Mira en system settings-removable devices  de tu KDE.

PS

Francamente no entiendo porque tienes a tu usuario en los grupos root y portage.

----------

## Theasker

Unas pruebas que hice y no lo quité.

Llevo mucho tiempo usando xfce y me gusta mucho lo ligero que es.

Tengo pendiente probar gnome como me aconsejó Gringo, pero aun no he empezado.

Además desde que uso nouveau, ya que mi tarjeta nvidia es bastante vieja y tenía que enmascarar los nvidia-drivers para que funcionara y me estaba empezando a dar problemas de dependencias con xorg-server de otros paquetes que requerían, pues tengo constantes cuelgues del ordenador además de que cualquier cosa que hago en navegadores me consume muchísima CPU. Estoy buscando pero no se muy bien qué puede ser. Voy a probar con una nueva instalación y repasando bien la configuración del kernel.

----------

## cameta

Los cuelgues de ordenador se pueden deber a problemas de hardware.

----------

## At4ri

El tema es que si es muy viejo... vas a tener que meter mano

----------

## Theasker

Si mano no me importa meter, pero primero tengo que saber dónde tengo que meter mano.

----------

## gringo

 *Quote:*   

> a mi con kde plasma, los dispositivos(usb...) no se me automontan

 

si no se montan solos ( y supongo que en kde será igual que en todos los demas entornos) hay un problema de permisos.

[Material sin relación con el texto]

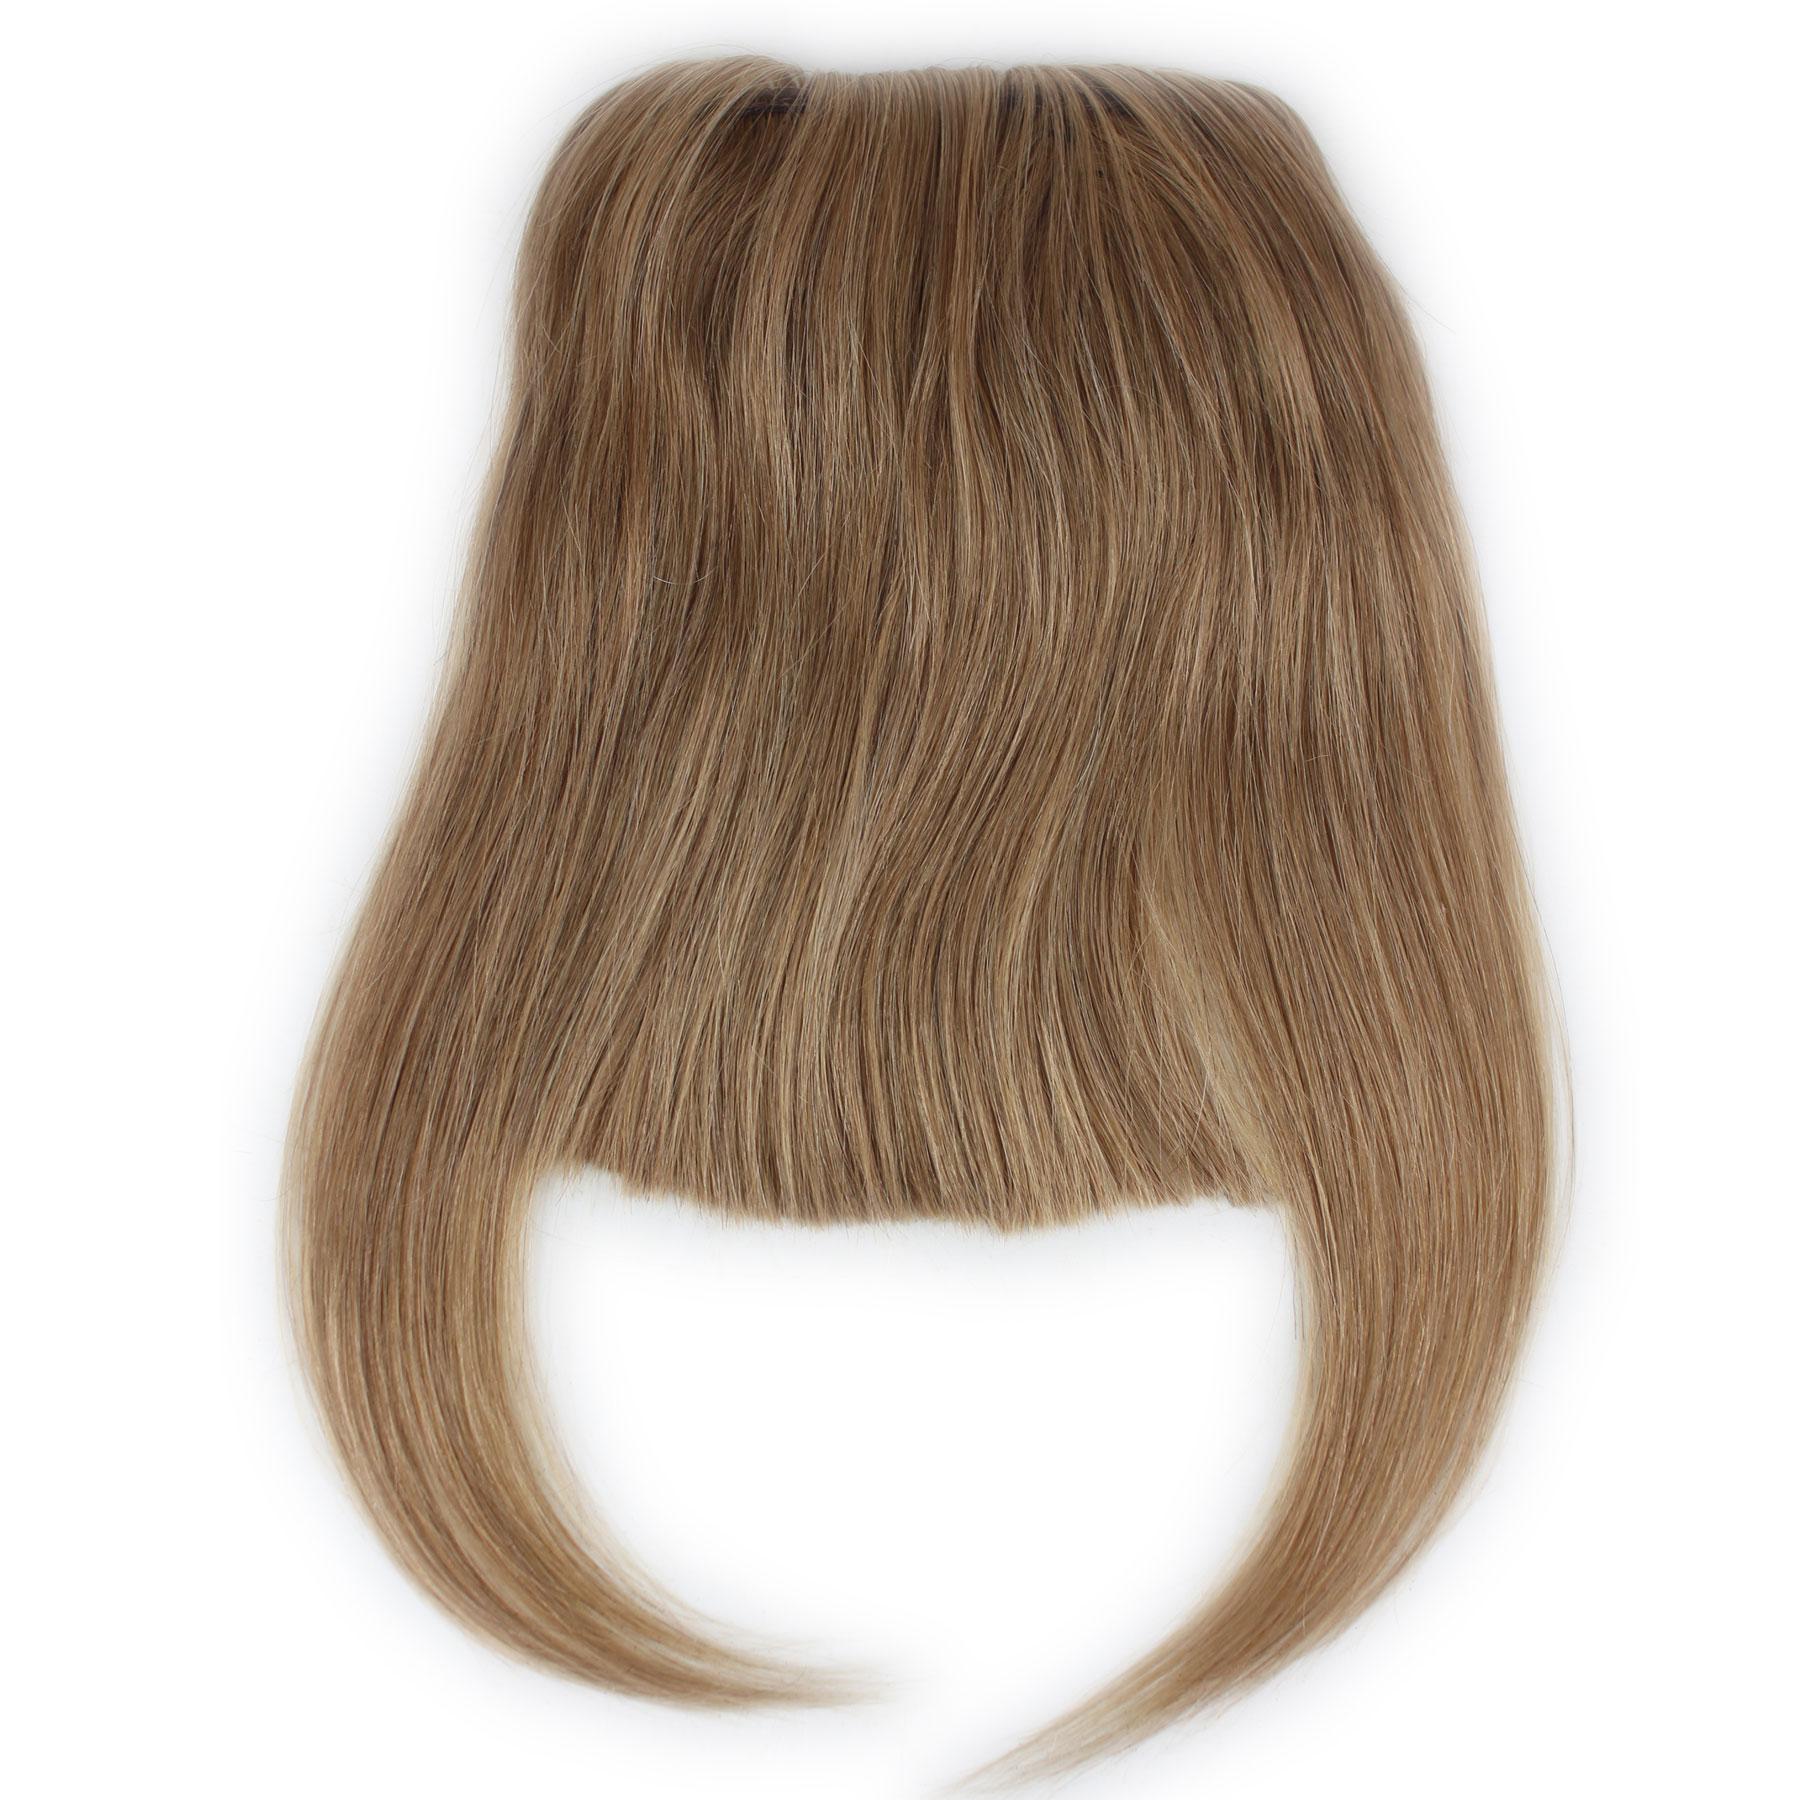 #27 Color Brazilian Human Hair Clip-in Hair Bang Full Fringe Short Straight Hair Extension For Women 6-8inch

en gnome ( supongo que en kde tb.) juegan un papel importante hoy en día polkit y udisks. 

No hay algún apartado dentro de la configuración de kde sobre automontaje ?   

 *Quote:*   

> Tengo pendiente probar gnome como me aconsejó Gringo

 

si hay algún problema de permisos tendrás el mismo problema en gnome que en kde.

Cambiar de entorno grafico porque no te automonta los medios es ... raro.

 *Quote:*   

> Además desde que uso nouveau, ya que mi tarjeta nvidia es bastante vieja y tenía que enmascarar los nvidia-drivers para que funcionara y me estaba empezando a dar problemas de dependencias con xorg-server de otros paquetes que requerían, pues tengo constantes cuelgues del ordenador además de que cualquier cosa que hago en navegadores me consume muchísima CPU. Estoy buscando pero no se muy bien qué puede ser. Voy a probar con una nueva instalación y repasando bien la configuración del kernel.

 

vete descartando, usa un driver sin aceleración gráfica, prueba con otro kernel con una configuración mas básica, etc.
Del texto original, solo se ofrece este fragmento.